** Work request **
Of the lines in the material below, print only those from the one containing "Geraden Wänden polychrome" to the one containing "Ботинки с акцентными", ends included, exactly as written and without pictures.

(Beginning of Data for this task)

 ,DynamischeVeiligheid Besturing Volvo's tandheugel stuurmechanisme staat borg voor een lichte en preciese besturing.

(End of Data for this task)
(Beginning of Data for this task)

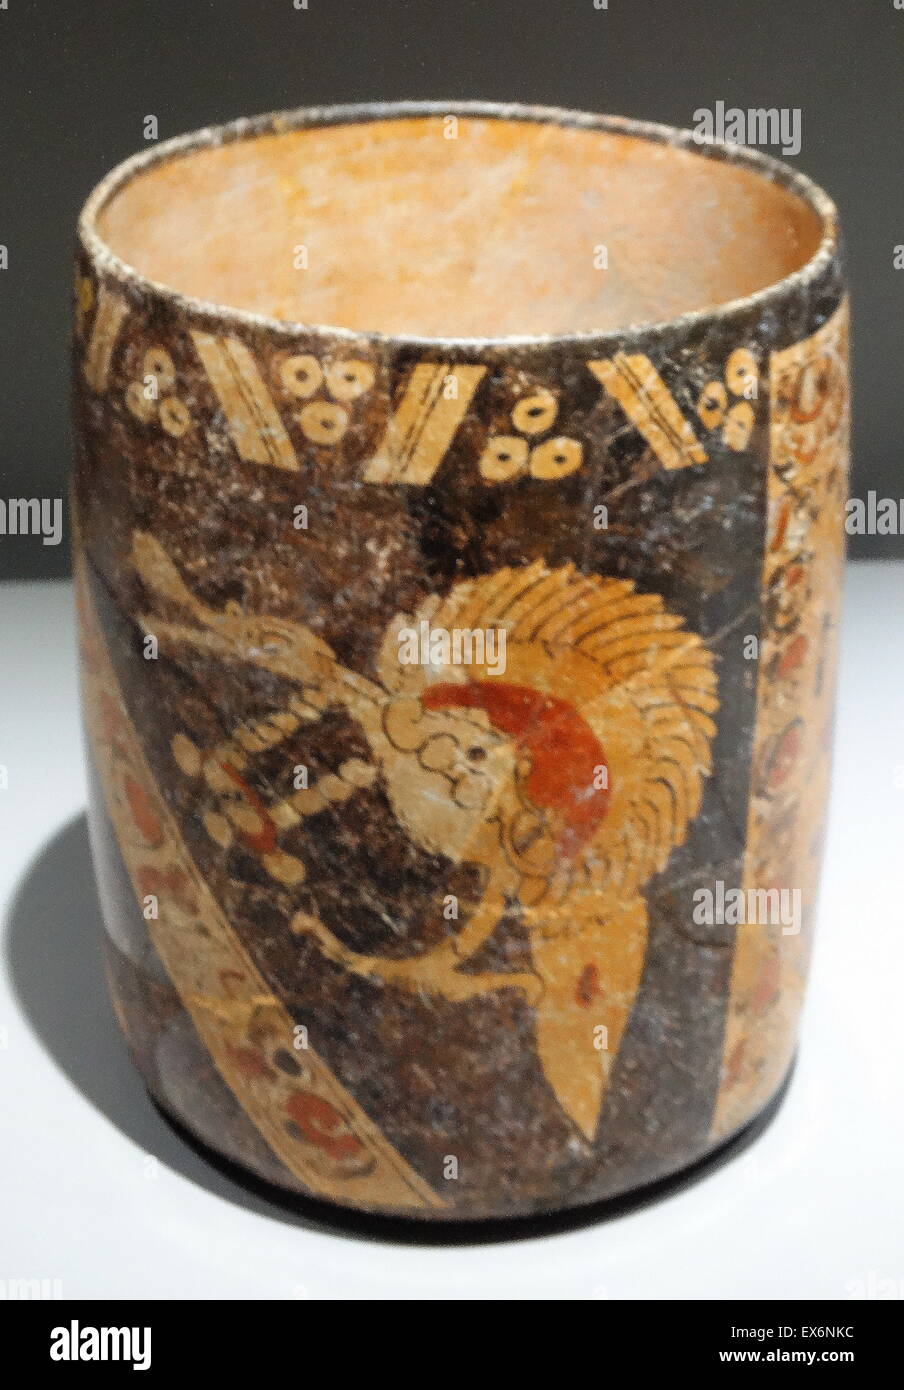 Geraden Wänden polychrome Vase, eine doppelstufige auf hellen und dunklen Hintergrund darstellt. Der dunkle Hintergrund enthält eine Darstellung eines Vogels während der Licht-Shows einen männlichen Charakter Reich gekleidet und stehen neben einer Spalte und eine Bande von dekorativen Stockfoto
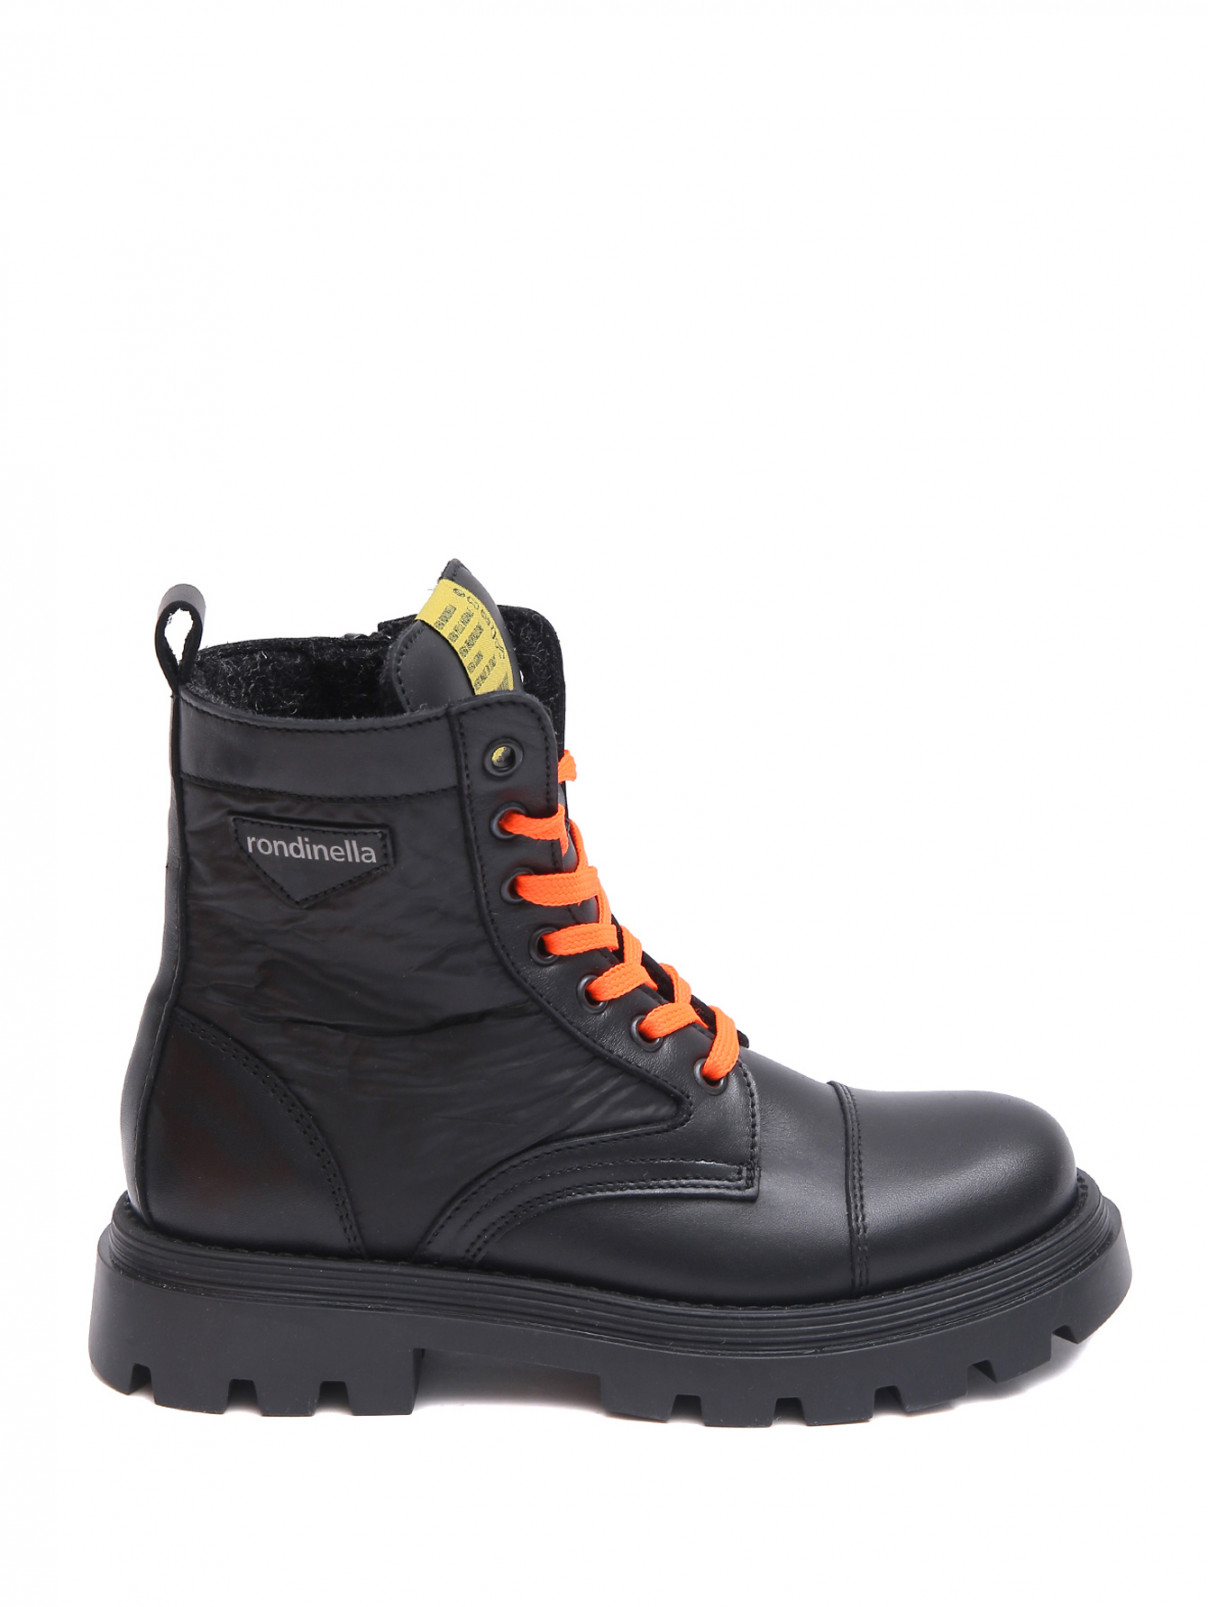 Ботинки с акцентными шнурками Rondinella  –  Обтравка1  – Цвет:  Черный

(End of Data for this task)

** Response to this exercise **
 Geraden Wänden polychrome Vase, eine doppelstufige auf hellen und dunklen Hintergrund darstellt. Der dunkle Hintergrund enthält eine Darstellung eines Vogels während der Licht-Shows einen männlichen Charakter Reich gekleidet und stehen neben einer Spalte und eine Bande von dekorativen Stockfoto
 Ботинки с акцентными шнурками Rondinella  –  Обтравка1  – Цвет:  Черный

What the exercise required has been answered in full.